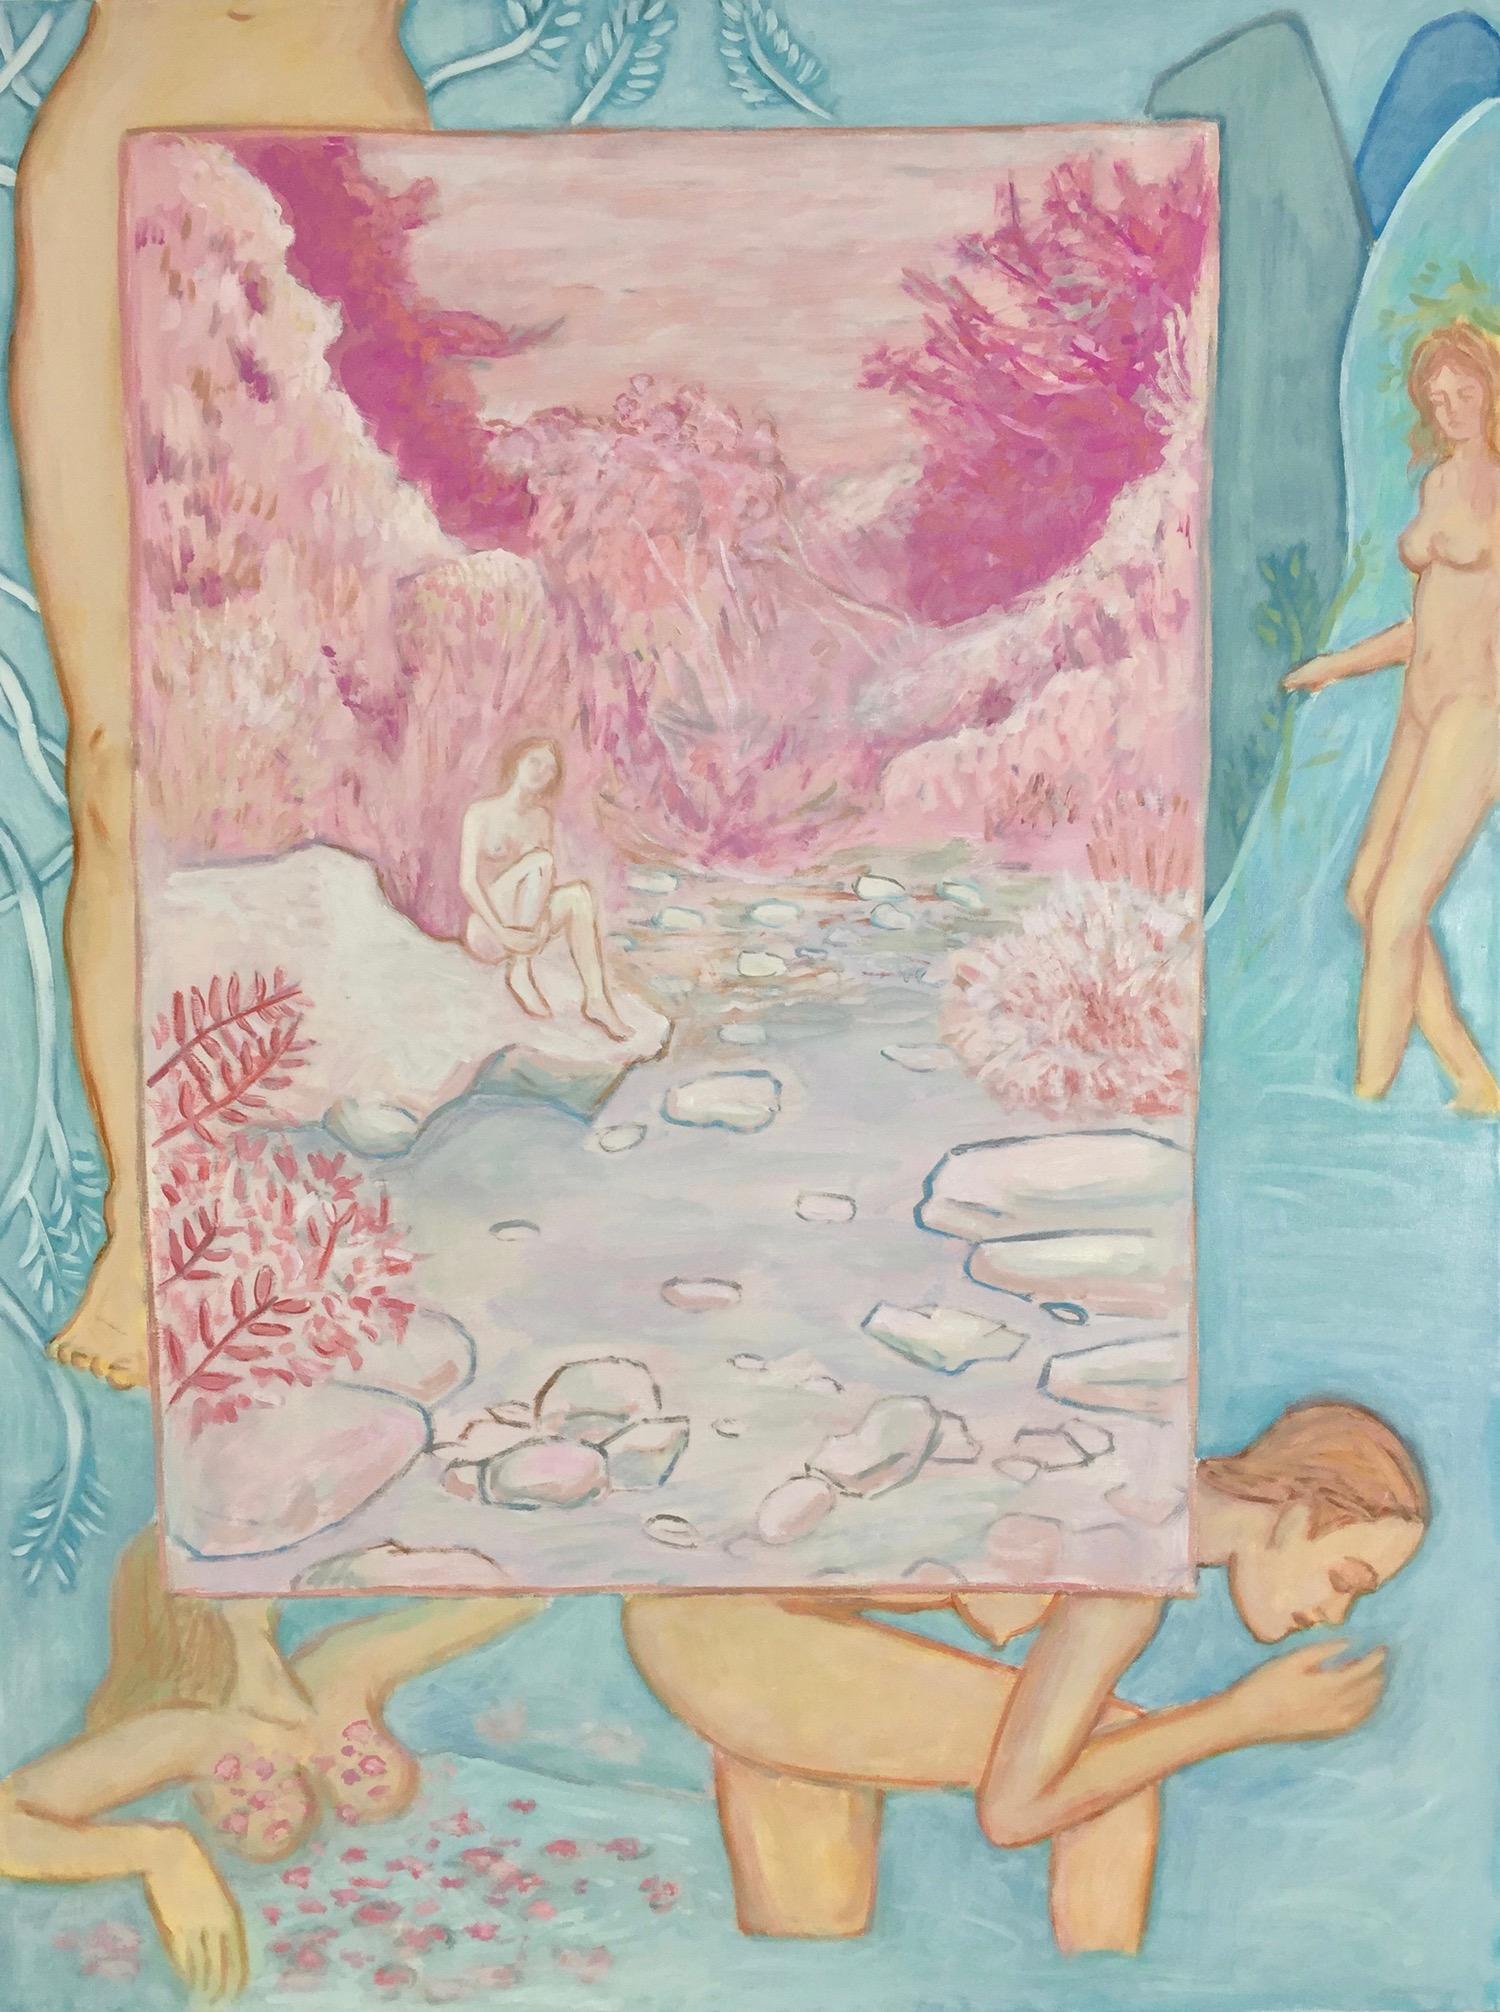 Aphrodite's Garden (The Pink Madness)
...
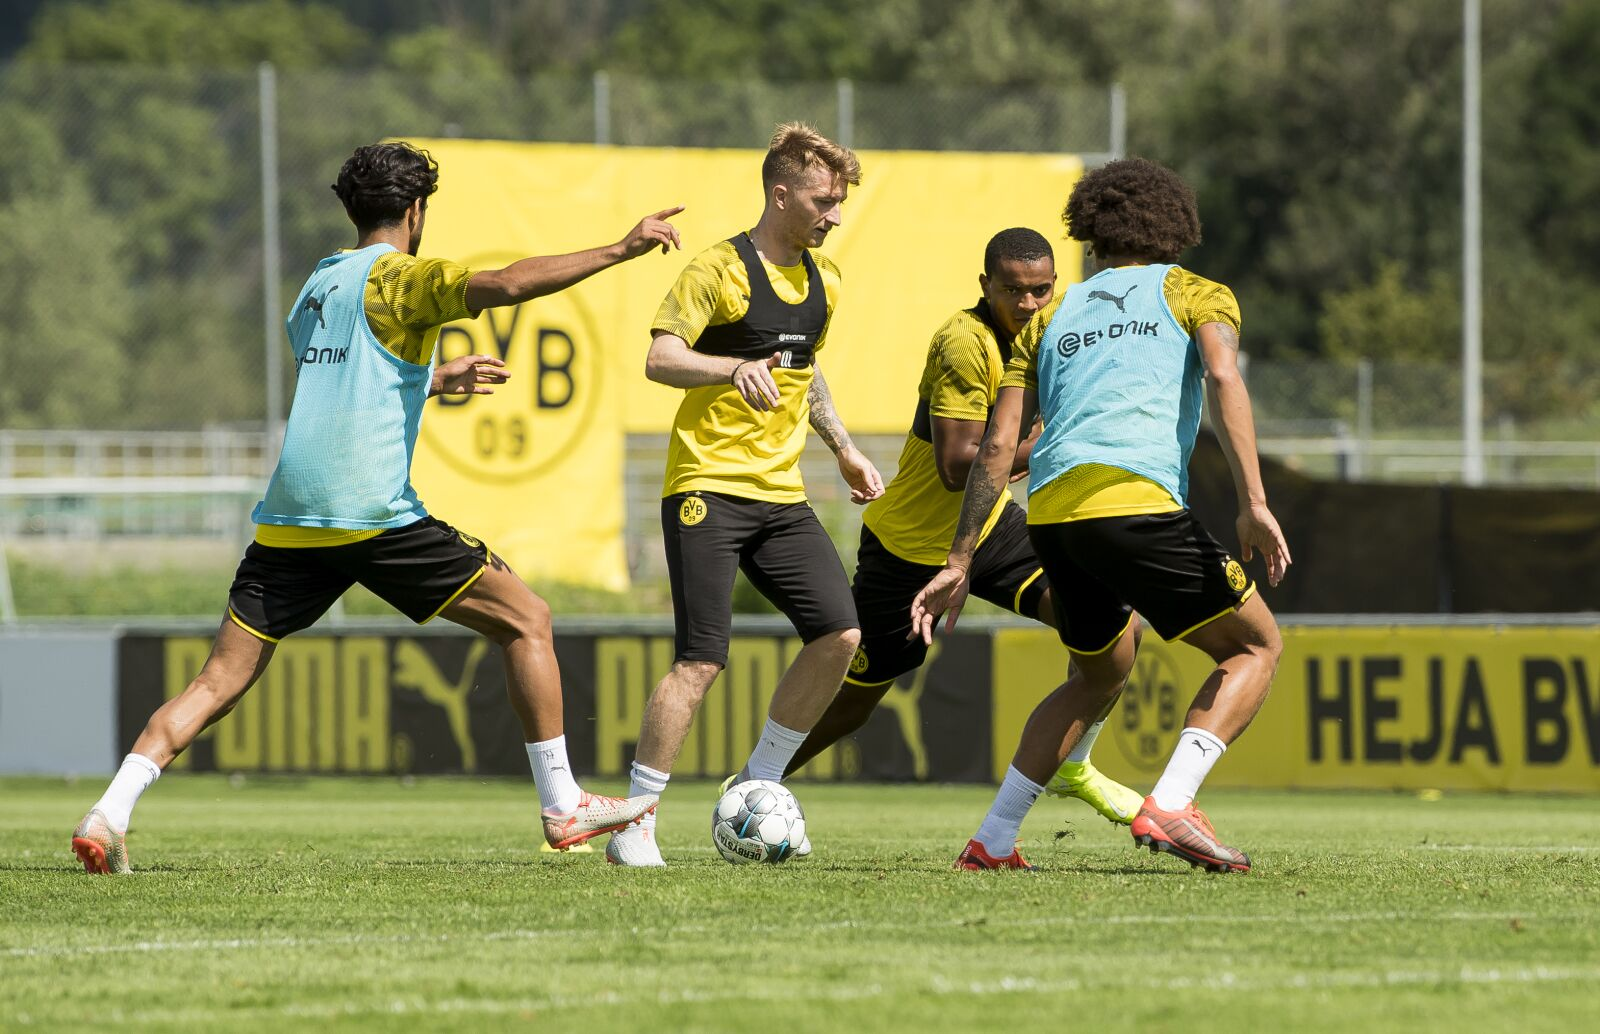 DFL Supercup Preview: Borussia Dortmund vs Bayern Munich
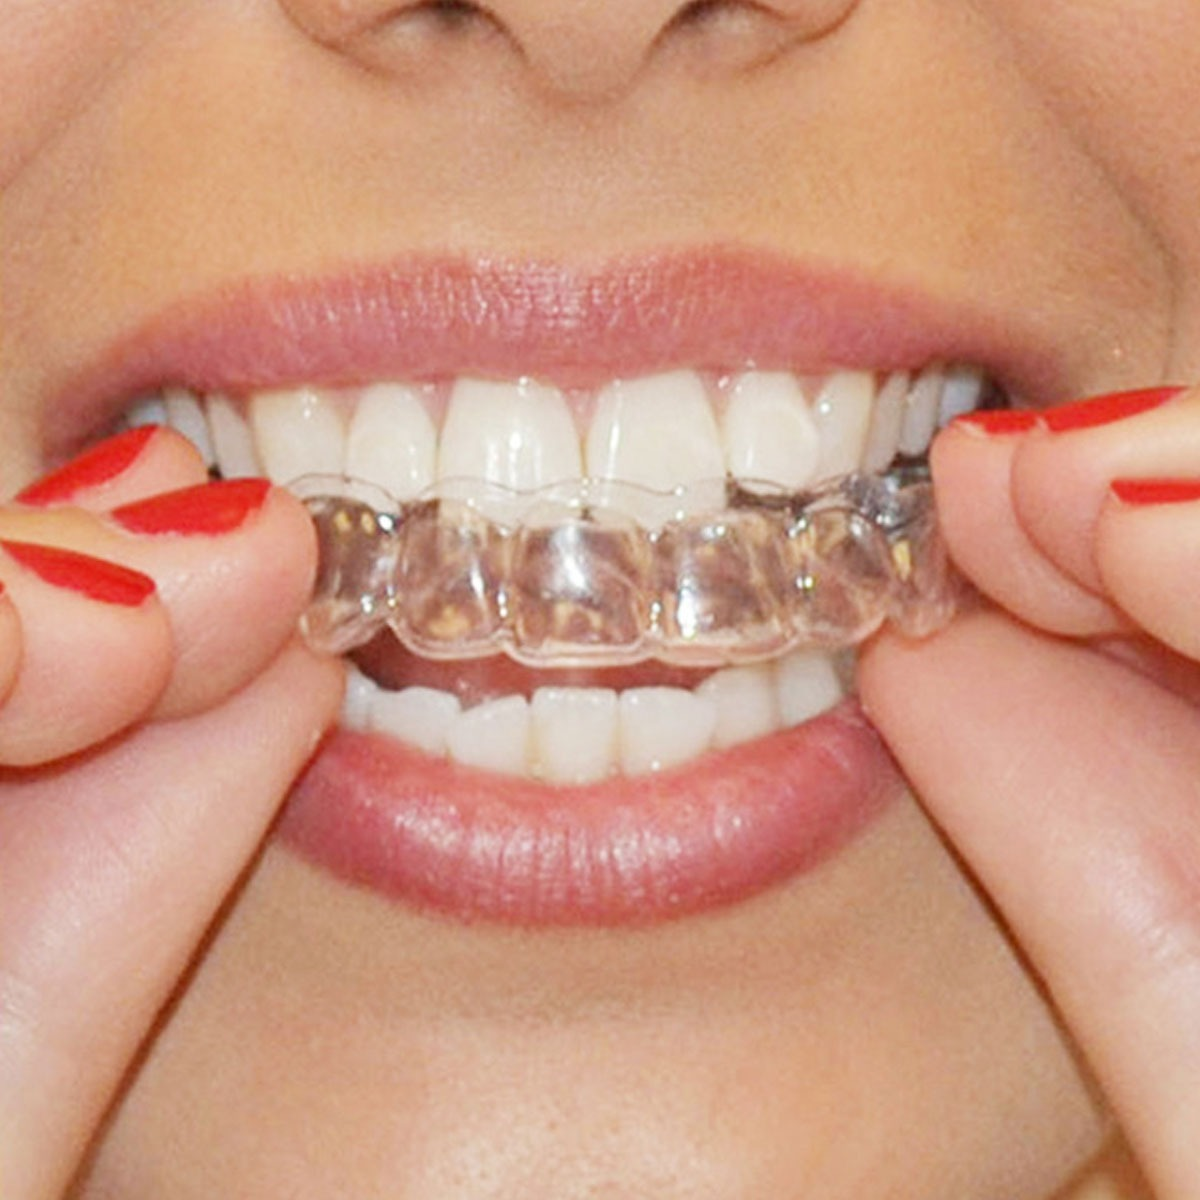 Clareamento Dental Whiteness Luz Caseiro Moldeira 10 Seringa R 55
* * *
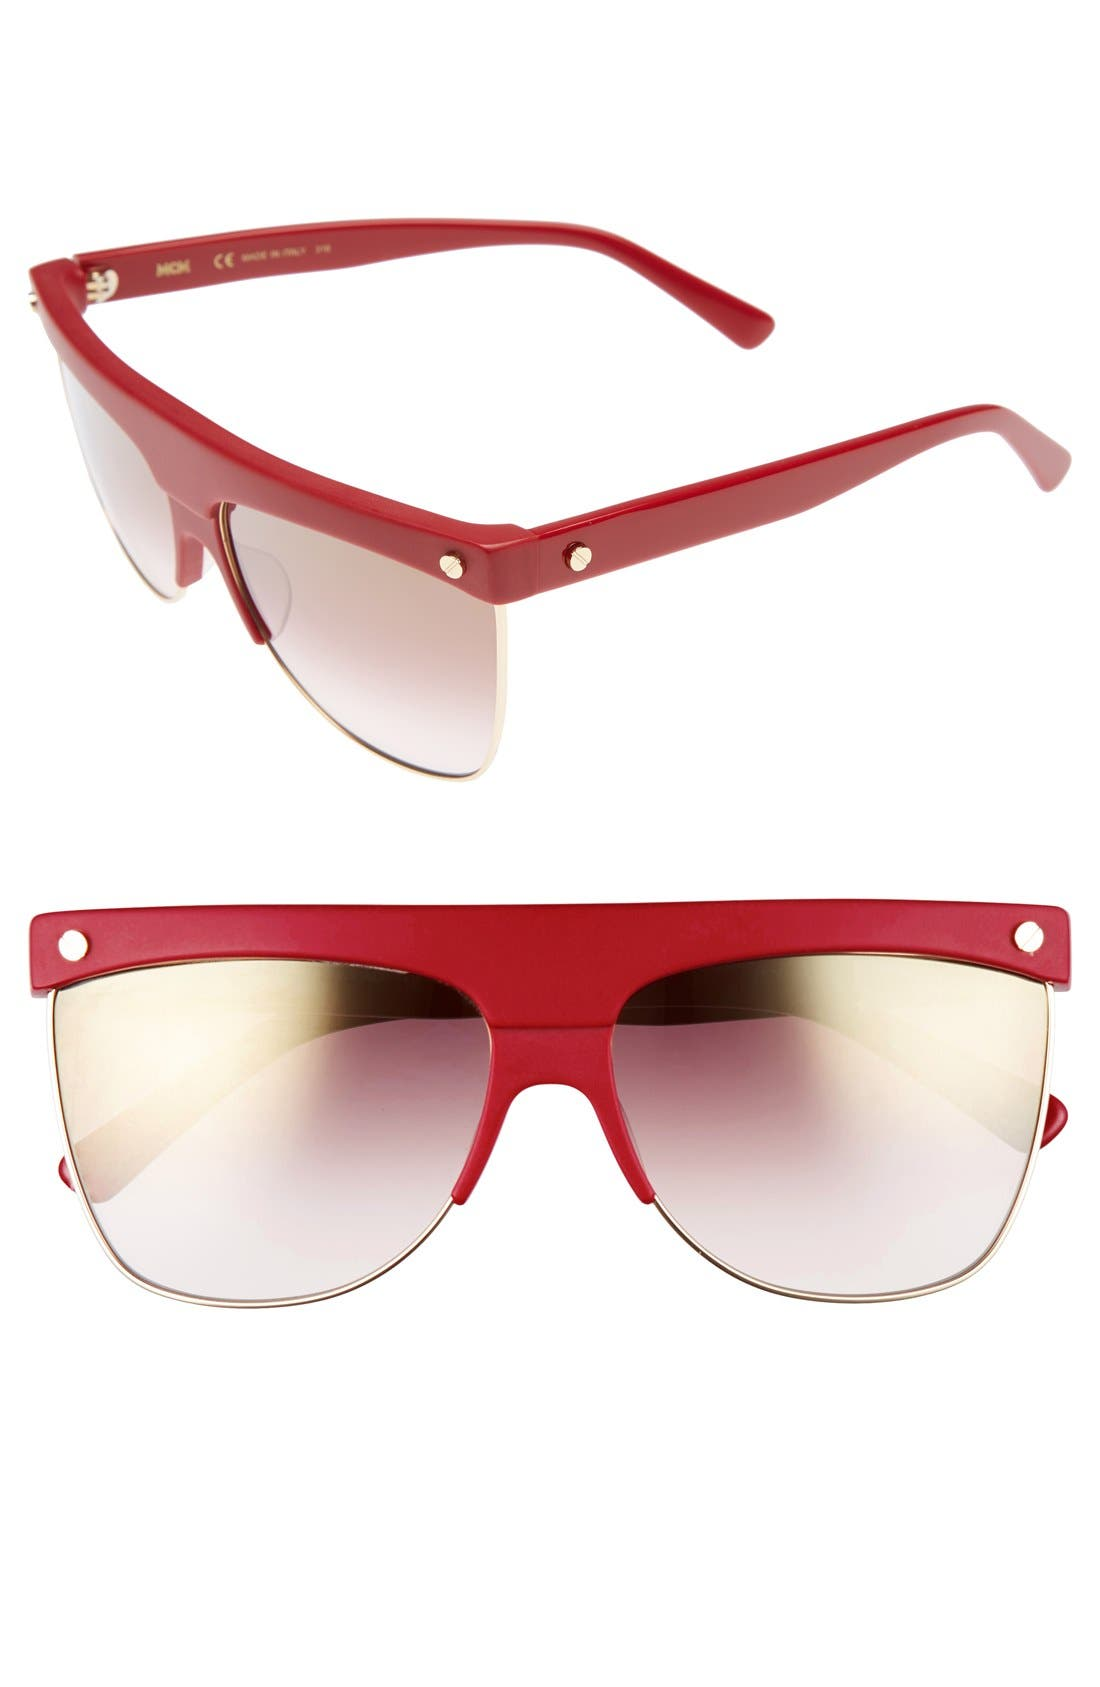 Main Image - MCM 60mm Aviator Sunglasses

REQUIRED ACTION. What is needed is an exact copy of the lines above, from the one holding "DFL Supercup Preview: Borussia" down to the one holding "Clareamento Dental Whiteness", with those two included and the pictures left out.

THE COMPLETED TASK.
 DFL Supercup Preview: Borussia Dortmund vs Bayern Munich
 Clareamento Dental Whiteness Luz Caseiro Moldeira 10 Seringa R 55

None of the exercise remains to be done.